J’ai également trouvé cette question tout à fait intéressante, car au-delà du rapport à la mémoire qu’il faut absolument pacifier, je perçois l’enseignement de l’histoire comme une clé essentielle au développement de tout pays. Cet enseignement participe en effet grandement à modeler les citoyens qui constituent la ressource la plus précieuse de tout projet national. L’histoire a le pouvoir de forger des Hommes, en ce sens qu’elle nous apprend d’où nous venons, qui nous sommes, et surtout nous fait réfléchir à qui nous voulons collectivement être. La question étant importante à ces multiples titres, il me plait de partager avec vous ici, la réponse que j’y ai apportée.

A mon sens, un meilleur enseignement de l’histoire en Afrique devrait passer sur le fond par :

  • un travail de réécriture des récits existants
  • un travail de création de nouvelles connaissances,

et sur la forme par d’importants efforts sur :

  • l’appropriation mémorielle,
  • l’interprétation mémorielle et la capacité de projection.

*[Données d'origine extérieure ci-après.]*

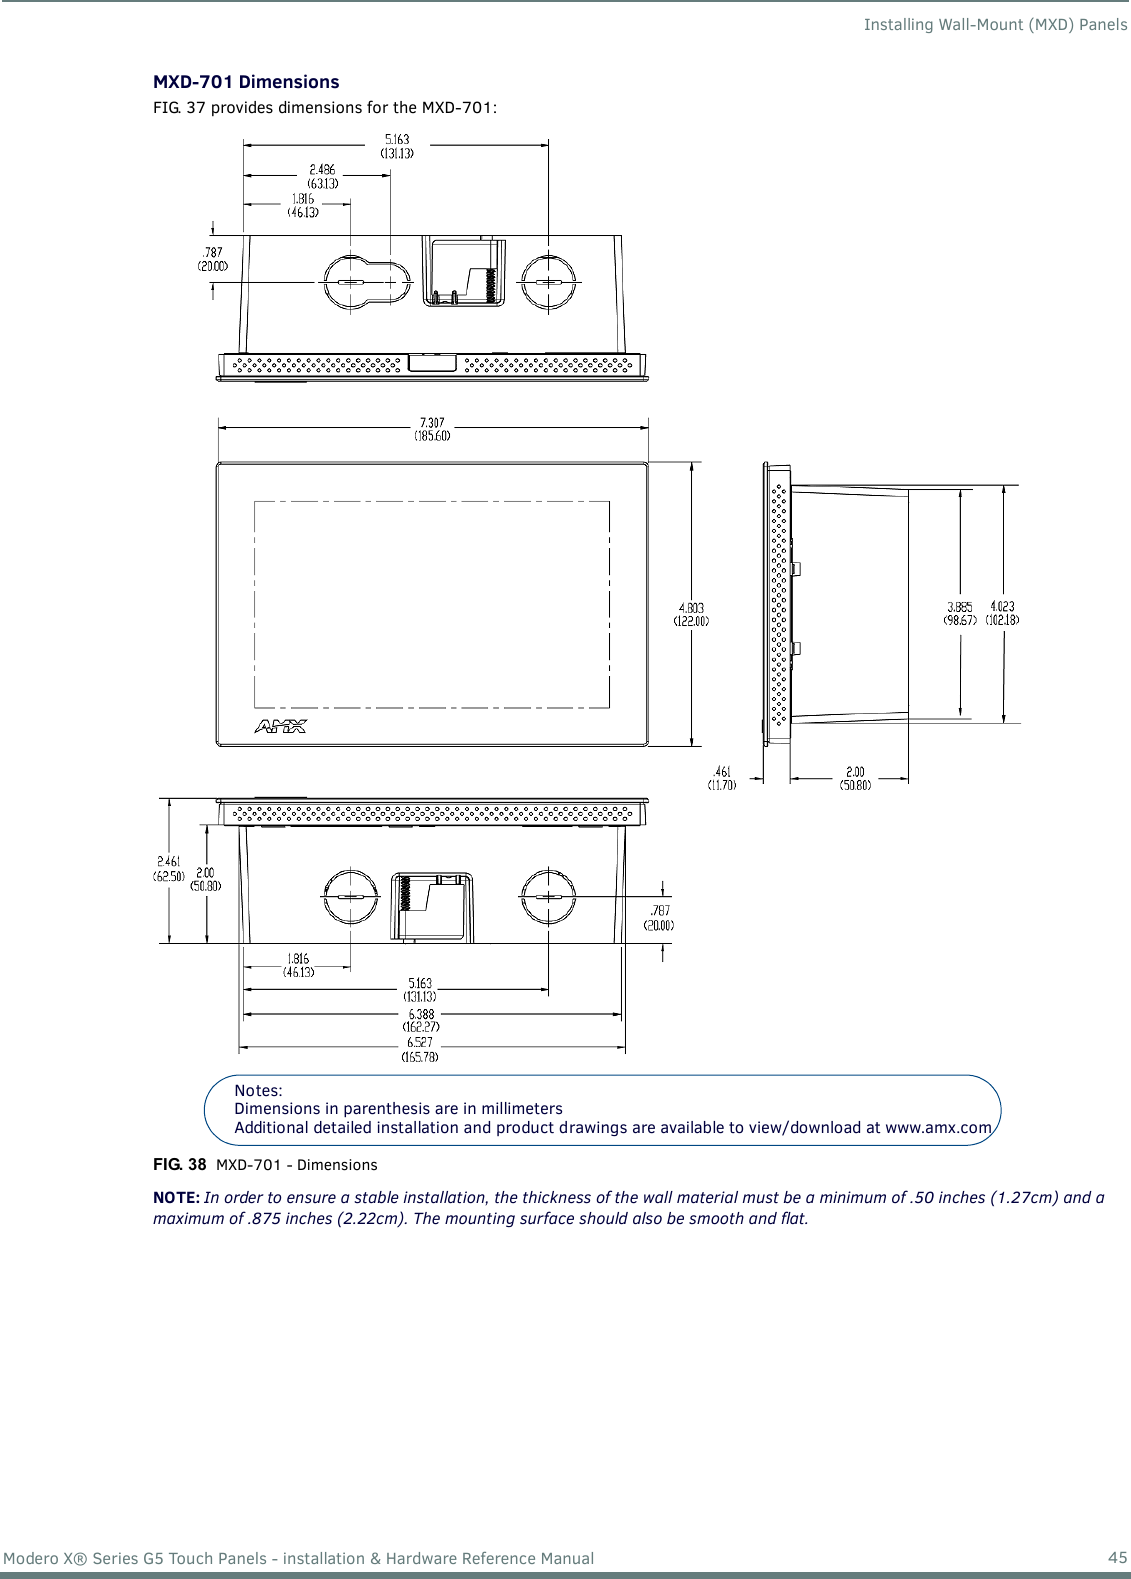 Installing Wall-Mount (MXD) Panels45Modero X® Series G5 Touch Panels - installation &amp; Hardware Reference ManualMXD-701 DimensionsFIG. 37 provides dimensions for the MXD-701: NOTE: In order to ensure a stable installation, the thickness of the wall material must be a minimum of .50 inches (1.27cm) and a maximum of .875 inches (2.22cm). The mounting surface should also be smooth and flat.FIG. 38  MXD-701 - DimensionsNotes: Dimensions in parenthesis are in millimetersAdditional detailed installation and product drawings are available to view/download at www.amx.com

1 — De la nécessité de réécrire notre histoire

Le plus grand drame de l’enseignement de l’histoire en Afrique est sans doute le fait que les récits aient été, en grande partie, produits par les anciens colons. Tout écrit étant politique, c’est donc souvent une vue historique à la faveur de nos anciens oppresseurs qui nous est apprise. Une situation que le respect des mémoires, le refus de l’obscurantisme, et le besoin d’indépendance culturelle nous imposent de corriger par un sérieux travail de réécriture. Nous devons en effet (r)établir dans l’histoire notre vérité, notre vision des faits à l’image des travaux de Cheikh Anta Diop. Des travaux sans lesquels, la thèse sur l’origine polycentrique de l’homme aurait sans doute été, aujourd’hui encore, entretenue par l’occident.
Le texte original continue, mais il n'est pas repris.